In document Viltet i Fedje (sider 42-45)

Um modelo de avaliação é, segundo Scriven (1981, p. 241), “uma concepção, uma perspectiva ou um método de fazer avaliação correspondendo a diversas tipologias de avaliação”.

Existem variados modelos de avaliação mas a classificação mais usada é a estabelecida por Shinkfield e Stufflebeam (1995, citados por Pacheco, 1995, p. 83) contemplando como principais os modelos sumativo, formativo e misto:

quando se fala de modalidades de avaliação ou então de técnicas e de instrumentos, o discurso pedagógico que se aborda passa quase sempre pela discussão das vantagens da avaliação quantitativa e da avaliação qualitativa, por vezes, identificadas com a avaliação sumativa e formativa, traduzidas pelo verbo medir e estimar, respectivamente. A valoração quantitativa tanto se pode fazer numa escala numérica como numa escala de letras, desde que siga uma classificação homogénea ou um conjunto determinado de níveis; por sua vez, a valoração qualitativa faz-se unicamente na base de uma descrição. Estes dois tipos de valoração são muito diferentes entre si porque a informação que possibilitam é assimilada e compreendida em graus diferentes.

3.3.1. Avaliação formativa

Partindo do princípio de que “a avaliação não é um fim em si” (Perrenoud, 1999, p. 13), ela deve desempenhar um papel eminentemente formativo dado que “avaliar implica compreender e determinar o valor e a qualidade dos processos formativos, a partir da recolha, análise e interpretação de dados relevantes, com base em critérios explícitos e partilhados” (Alonso, 2002, p. 20), devendo assim ser encarada como um instrumento. Mais do que medir ou certificar, com a avaliação formativa pretende-se melhorar.
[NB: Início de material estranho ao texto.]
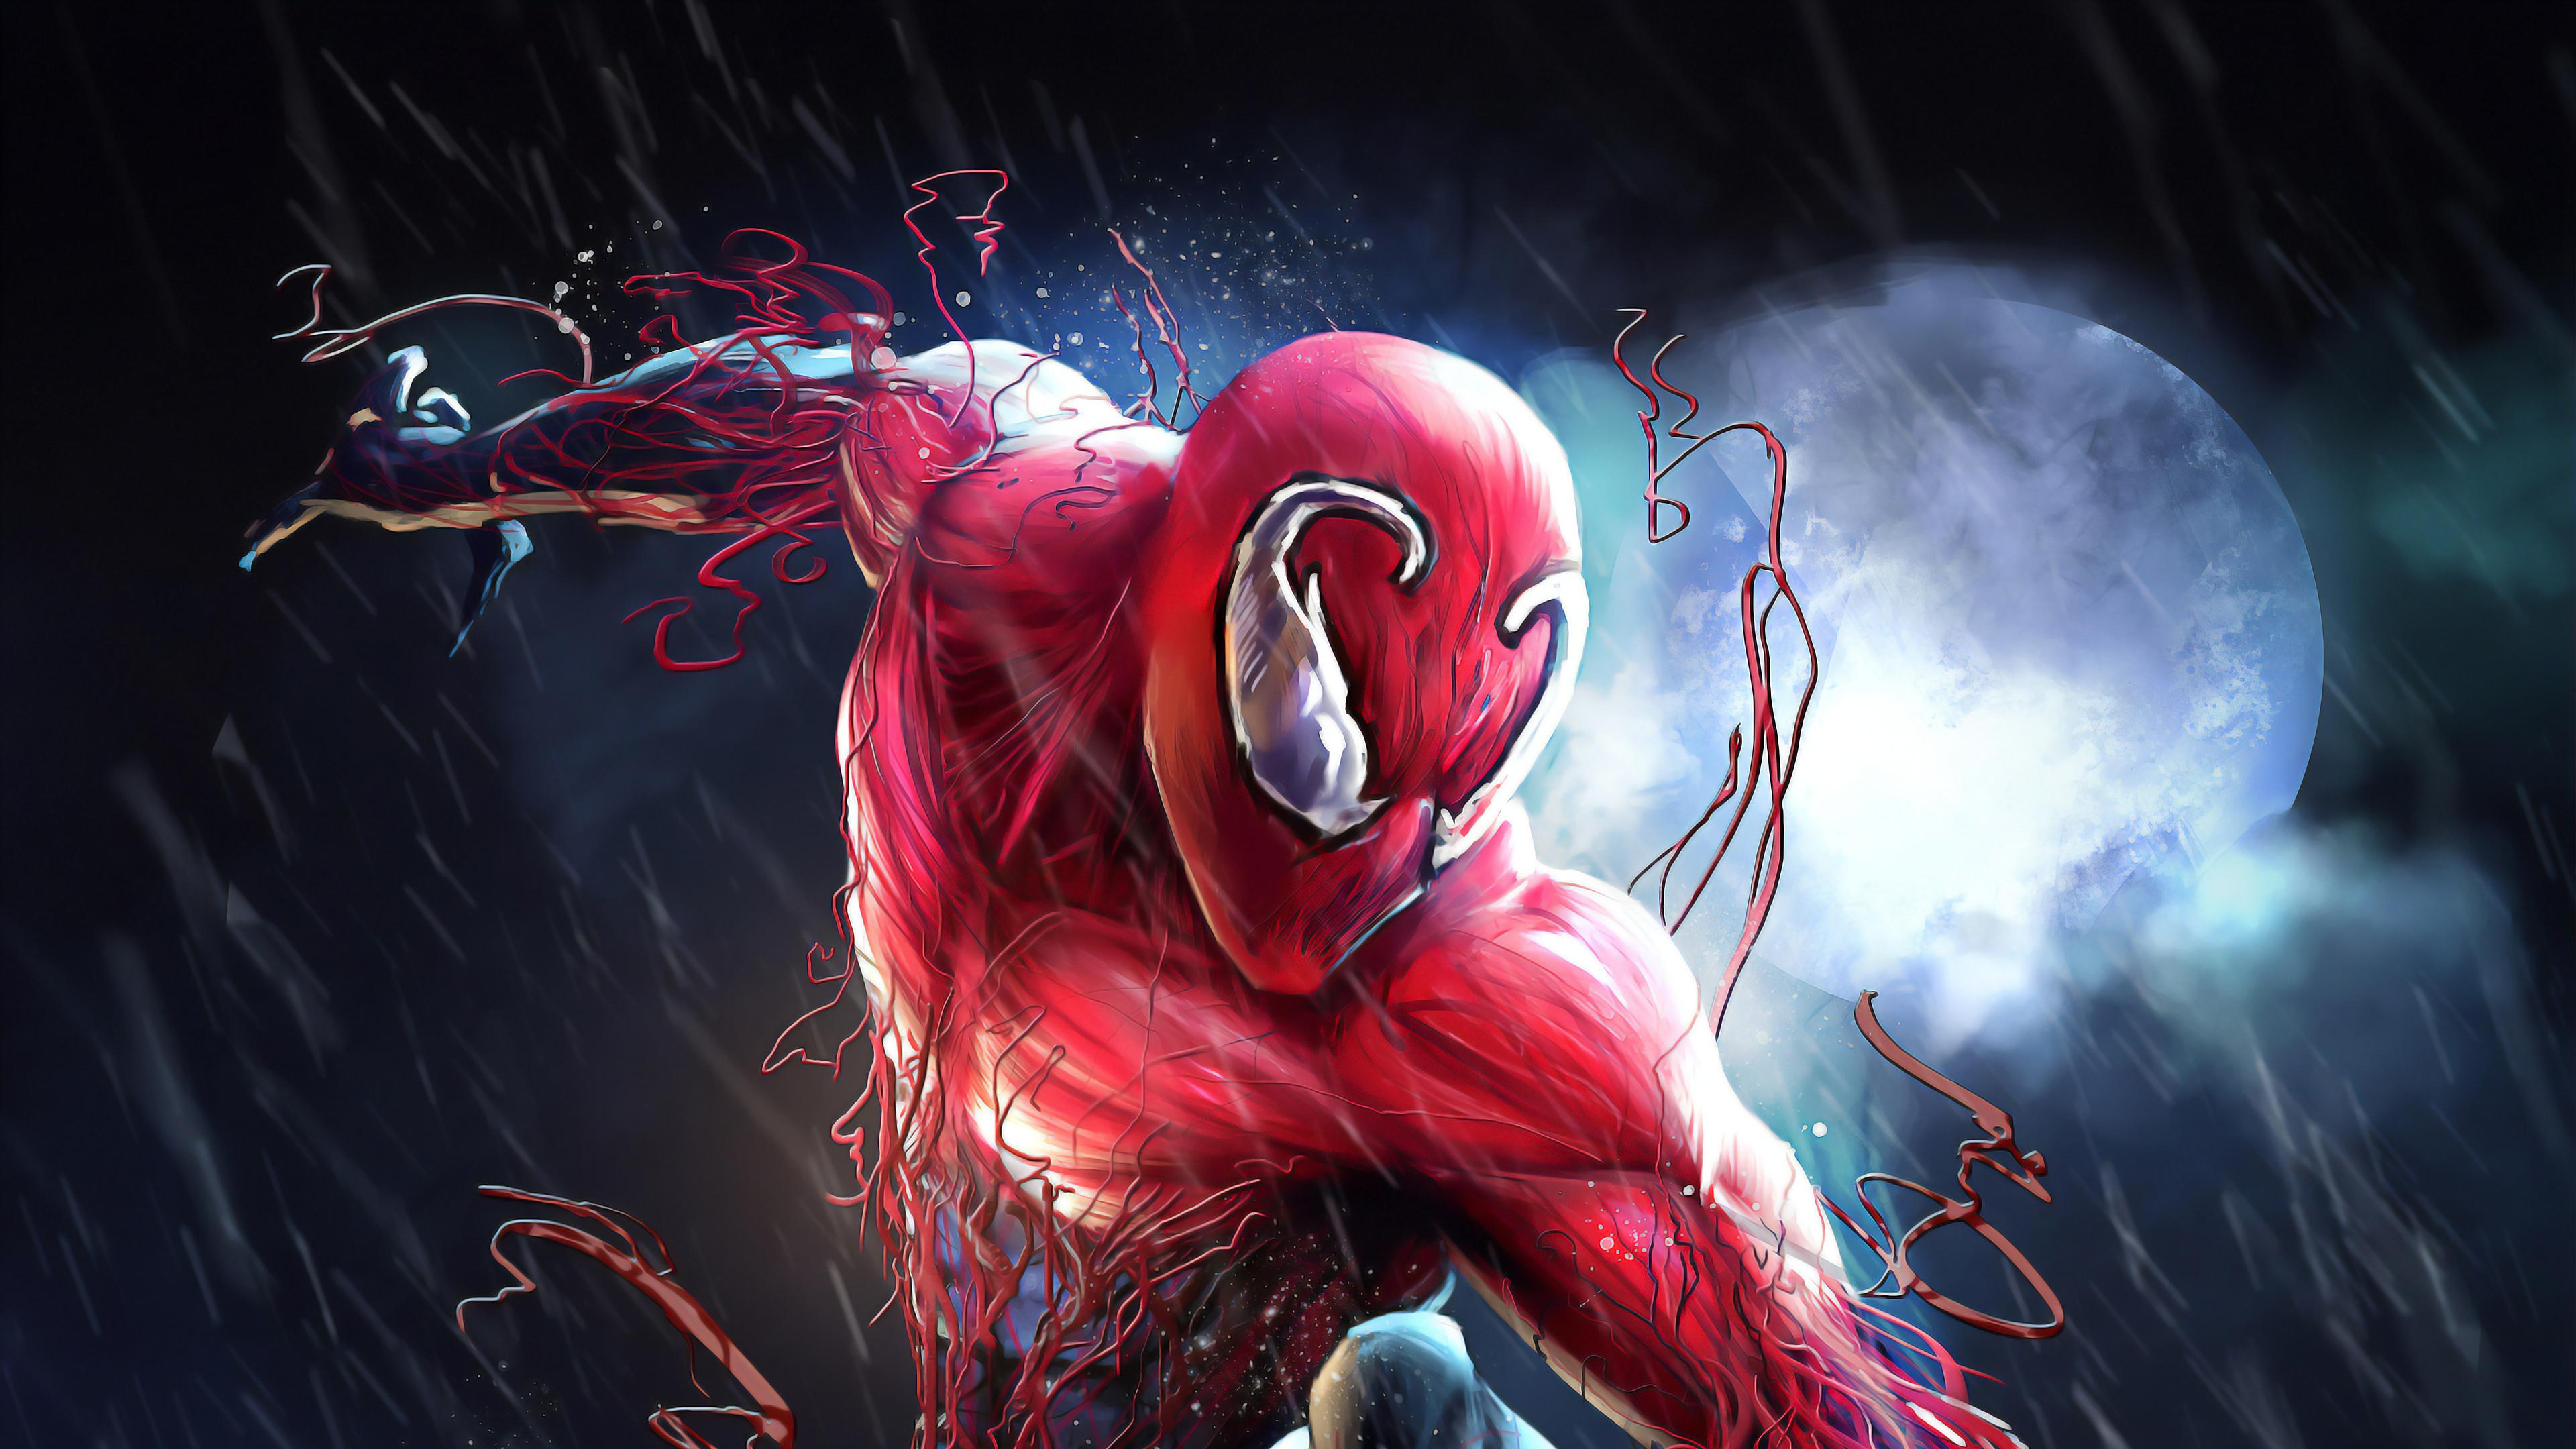 Toxin Spiderman 4k, HD Superheroes, 4k Wallpapers, Images ...

Resultante da teoria cognitivista, que se desenvolveu a partir das investigações na área das ciências cognitivas, e claramente decorrente do paradigma qualitativo (também chamado de interpretativo, hermenêutico, naturalista ou construtivista), a avaliação formativa tem um carácter regulador, orientador e auto-corrector e pretende proporcionar informação sobre a actividade desenvolvida para a adequar ou modificar se necessário. Deve ser contínua e sistemática e utilizar vários tipos de instrumentos para recolha da informação, que tem que ser devidamente contextualizada. Pelas suas características, este tipo de avaliação deveria ser expressa por meio de apreciações ou comentários e não de forma quantificada. É apelidada por Stufflebeam e Shinkfield (1989, p. 345) de “avaliação do processo” dado que é uma parte integrante do processo de desenvolvimento e tem como principal característica, segundo Hadji (1994, p. 63) o facto de “ser incorporada no próprio acto de

ensino”, tendo assim, “antes de tudo, uma finalidade pedagógica”, pelo que Méndez (2002, p. 15) considera que,

deve entender-se que avaliar com intenção formativa não é o mesmo que medir ou qualificar, nem muito menos corrigir. Avaliar não é tão-pouco, classificar, nem examinar, nem aplicar testes. Paradoxalmente, a avaliação tem a ver com actividades de qualificar, medir, corrigir, classificar, certificar, examinar, testar mas não se confunde com elas. Partilham o mesmo campo semântico mas diferenciam-se pelos recursos que utilizam e os usos e fins que servem

dando, assim, à avaliação com intenção formativa o objectivo de conhecer a qualidade dos processos e não dos produtos.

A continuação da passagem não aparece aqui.